Essentially what this is saying is that it is able to be stored on a central server with many servers accessing it, it is not tied into your web server such as an opcode cache as it runs it’s own daemon and it is typically utilized for caching database results (doesn’t mean there aren’t additional things it is good for such as session handling — it is already integrated if you just cache the session handler to “memcache” and change your session.save_path to the server with memcached).
Memcache Example
$post_id = (int) $_GET['post_id']; $memcached = new Memcache; $memcached->connect('hostname', 11211); if (($row = $memcached->get('post_id_' . $post_id)) === false) { //yes this is safe, we type casted it already ;) $rs = mysql_query('SELECT * FROM post WHERE post_id = ' . $post_id); if ($rs && mysql_num_rows($rs) > 0) { $row = mysql_fetch_assoc($rs); // cache compressed for 1 hour $memcached->set('post_id_' . $post_id, $row, MEMCACHE_COMPRESSED, time() + 3600); } } var_dump($row);
This is a fairly typical example of memcached. We stored a single item in memory for future usage that might be accessed quite a bit. I recommend using this for records that are accessed the most, thats what a cache is all about.
Memcache Session Example
session.save_handler = memcache session.save_path = "tcp://hostname:11211"

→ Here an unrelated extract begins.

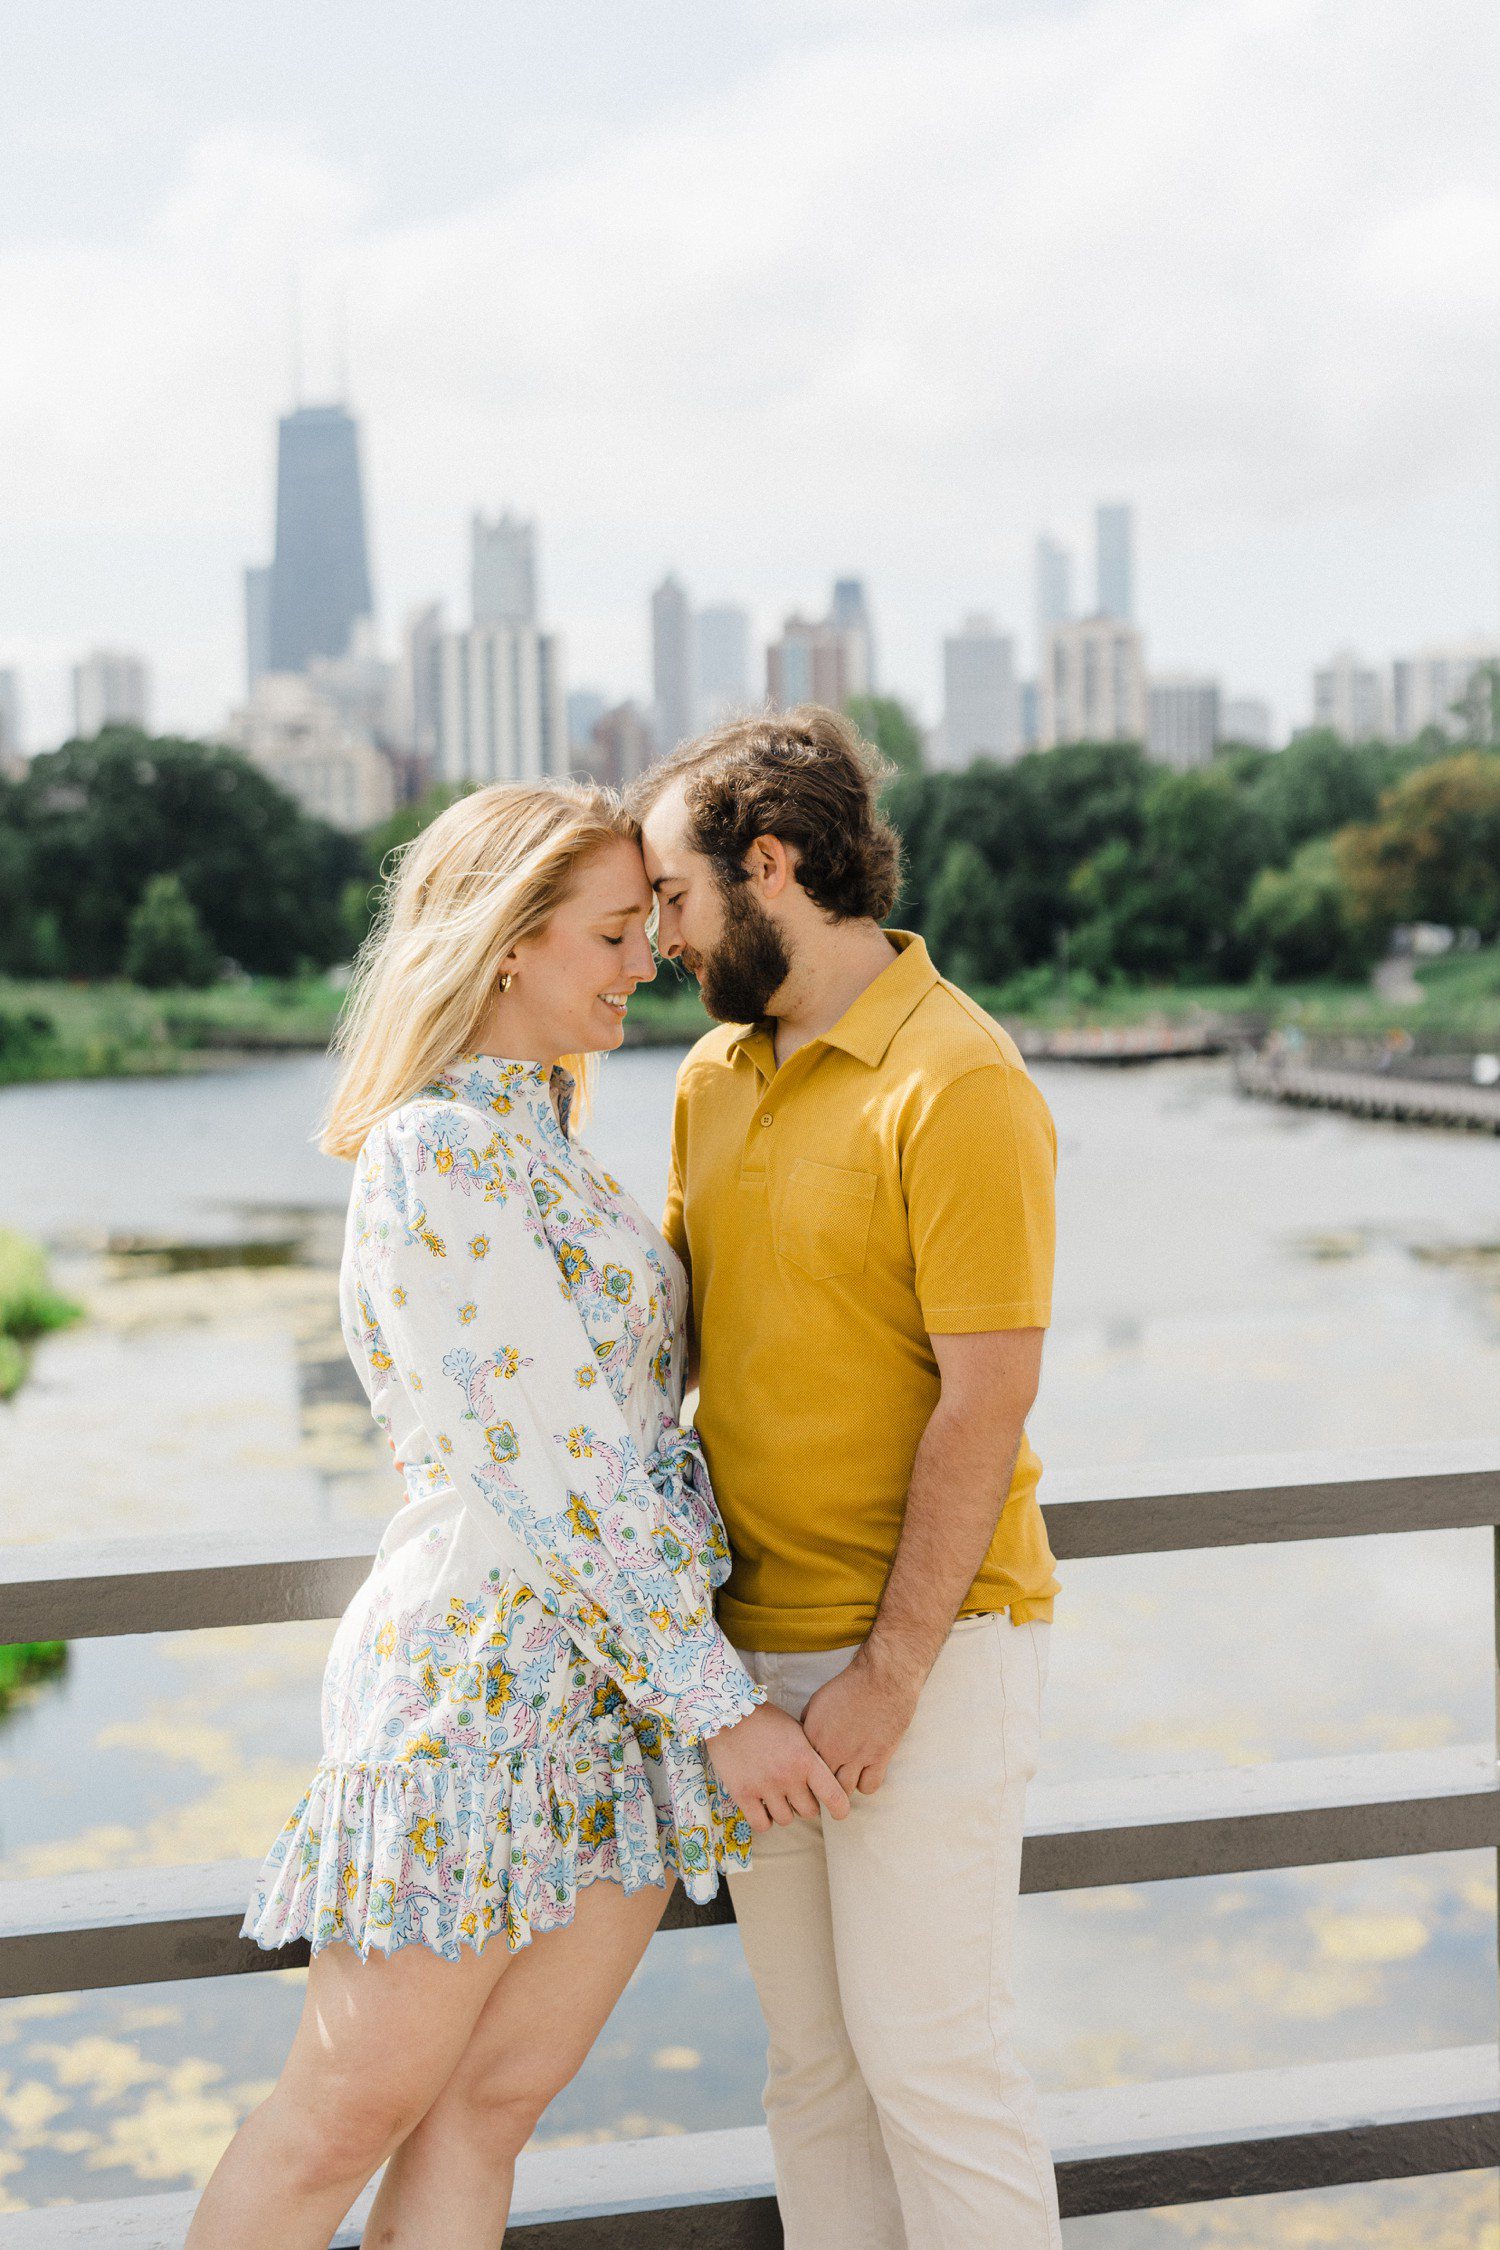 Downtown Chicago engagement photos at Lincoln Park.

As you can see session handling is quite easy. For multiple memcached servers comma separate the save_path value with each server.
Database Memory Tables
Database memory tables, while I am not going to give an example, can be useful for session data. You can easily create a table with the storage engine of memory using MySQL. Create your own session handler and provide the data that way. This is a quick way to boost performance on sessions as well as keeping them distributed between multiple web servers. Personally, if you can, I would go the memcached route to keep the load off of the database server and let it work on serving other requests.
RAM Disk
While utilizing your RAM as a disk is not distributed it can easily be a quick adjustment to make your site perform faster. However, you might want to note the amount of memory you are going to be utilizing and ensure that on reboot that this directory is put back on the RAM Disk. Remember that information placed in RAM is lost on reboot or power failure.
Bind RAM to a Directory
mount --bind -ttmpfs /path/to/site/tmp /path/to/site/tmp
I attempt to avoid this route as I believe that the risk outweighs the gains, unless you are dealing with massive servers. But there are better tools such as memcached that I would trust more.
exit(0);
I hope that this was informative to some of you regarding caching techniques in PHP. I didn’t fully cover all of the potential caching techniques such as database caching that the RDBMS’s do and some of the other items such as Squid. I may cover more of these at a later time, if I attempt to get into it all now this post will never see the light of day. If you have anything to add send in a comment. Please note, I do not deploy these tactics on everything and anything but decide on certain logistics when and where these need to be implemented. Take into consideration the scale of the project, current overall impact and if you are just optimizing it just for the sake of doing it.